First off: Brent, thanks for another look at the tricky ground many of our progressively commingled “green” concepts are navigating these days. One of my pet discussions wherever I wander in the name of food these days is, “What’s the new organic?” For a while, I figured it was “natural,” and now I’m pretty sure it’s “sustainable” (lots of quotes in this “ethical food” land...). And although I know organic has a solid grounding via federal regulation, open the field up to the consumer’s point of view, and even that rug gets pulled from under you. Johnny-come-lately, local food, fits nicely and shows some serious legs.

So, for the sake of all that’s good and holy, which one should we go with???

All of the above, of course.

Now, I’m not seriously suggesting people go all fundamentalist (or worse, greenwashy), but rather that the answer to this increasingly important aspect of food will pull a little from column A, and a little from column B. To put Lynn’s Hot Pot metaphor to use (as I think she meant it, a la a community simmering pot for each newcomer to add an ingredient), it really is something that many folks from various walks of life will bring to the table, mixed and matched, and often overlapping—at least until dominant, logically sound, verifiable guidelines come into place. I mean, look what it’s done for organics.
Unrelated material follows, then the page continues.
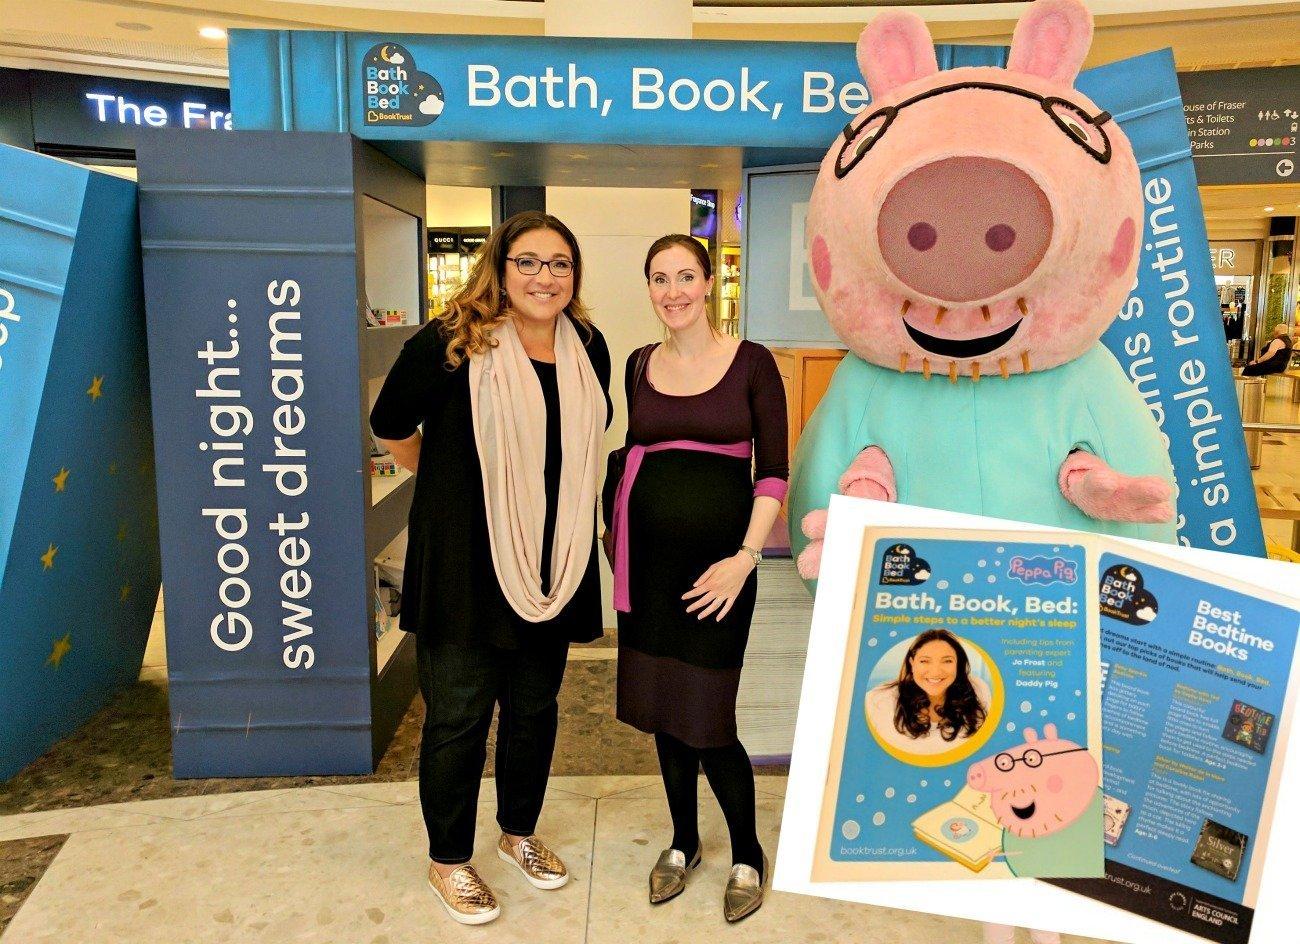 Bath, Book, Bed Campaign
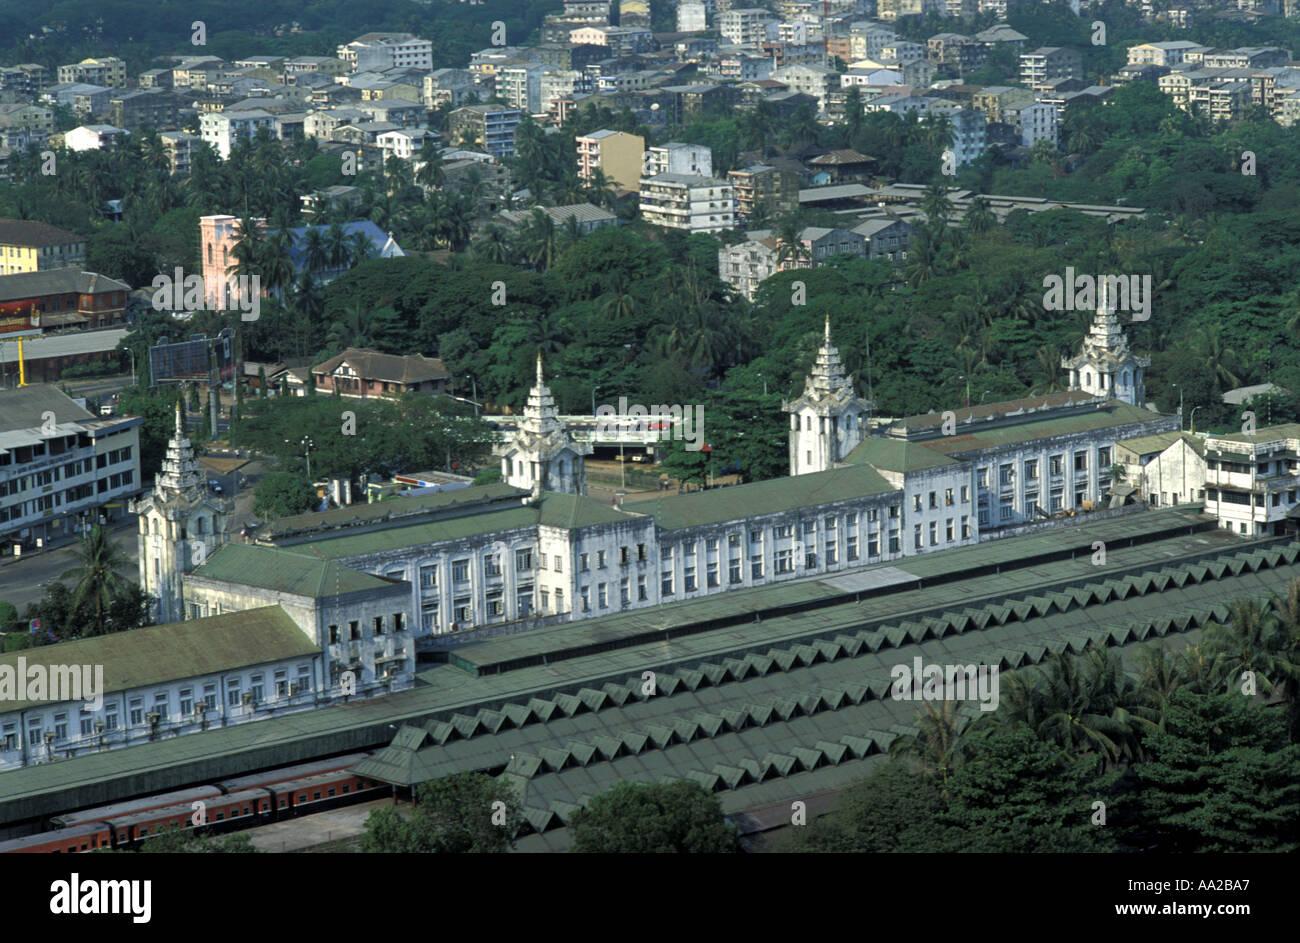 BURMA Myanmar Rangoon Yangon Railway station - Stock Image

Even though most regular folks have no clue what organic really means (it’s more of an ideal, a feeling for many people ... a philosophy), would Whole Foods have thrived, let alone absorbed Wild Oats, without federal legitimization of organic? Would we have entire sections at retail dedicated to organic products? Successful private-label organic “brands”? More than a couple of organic restaurants and bakeries? Of course not. Would we be better off without such standardized oversight? I doubt it.

Despite the painstaking ordeal of it all, we need to face each of these variably green concepts, as they're tossed into the hot pot, head-on.

But back to those tasty little crabs.

Yes, I support local agriculture by frequenting the farmers’ markets in summer and dig it when restaurants cull from local resources. I’d also love to see the regionally niche cottage food industry revival that very well may manifest in the coming months and years.

But do I have a problem with food miles for some items—particularly wild-harvested, seasonal items? (Like those recent crunchy-herbed and barbecued soft-shell crabs ... with the latter juxtaposed all the more poignantly while taking in a rousing T-Model Ford set at Blues Fest last Saturday.) Do I have a problem with shipping those tasty, crunchy, little crabs a couple times a year?

Not at all. Even foods shipped from around the world will inevitably continue to fit into our grand scheme of edible things (and every rule deserves an exception). The state of sustainable energy will (hopefully) keep pace with food. Only the proverbial ostrich head buried in sand would think otherwise these days.

As always, balance is the key to most endeavors. Some foods will make perfect sense (economically and intrinsically) to ship, and others might make more sense as local items, or luxuries and special treats.

Every door is a window of opportunity. It just depends on your perspective.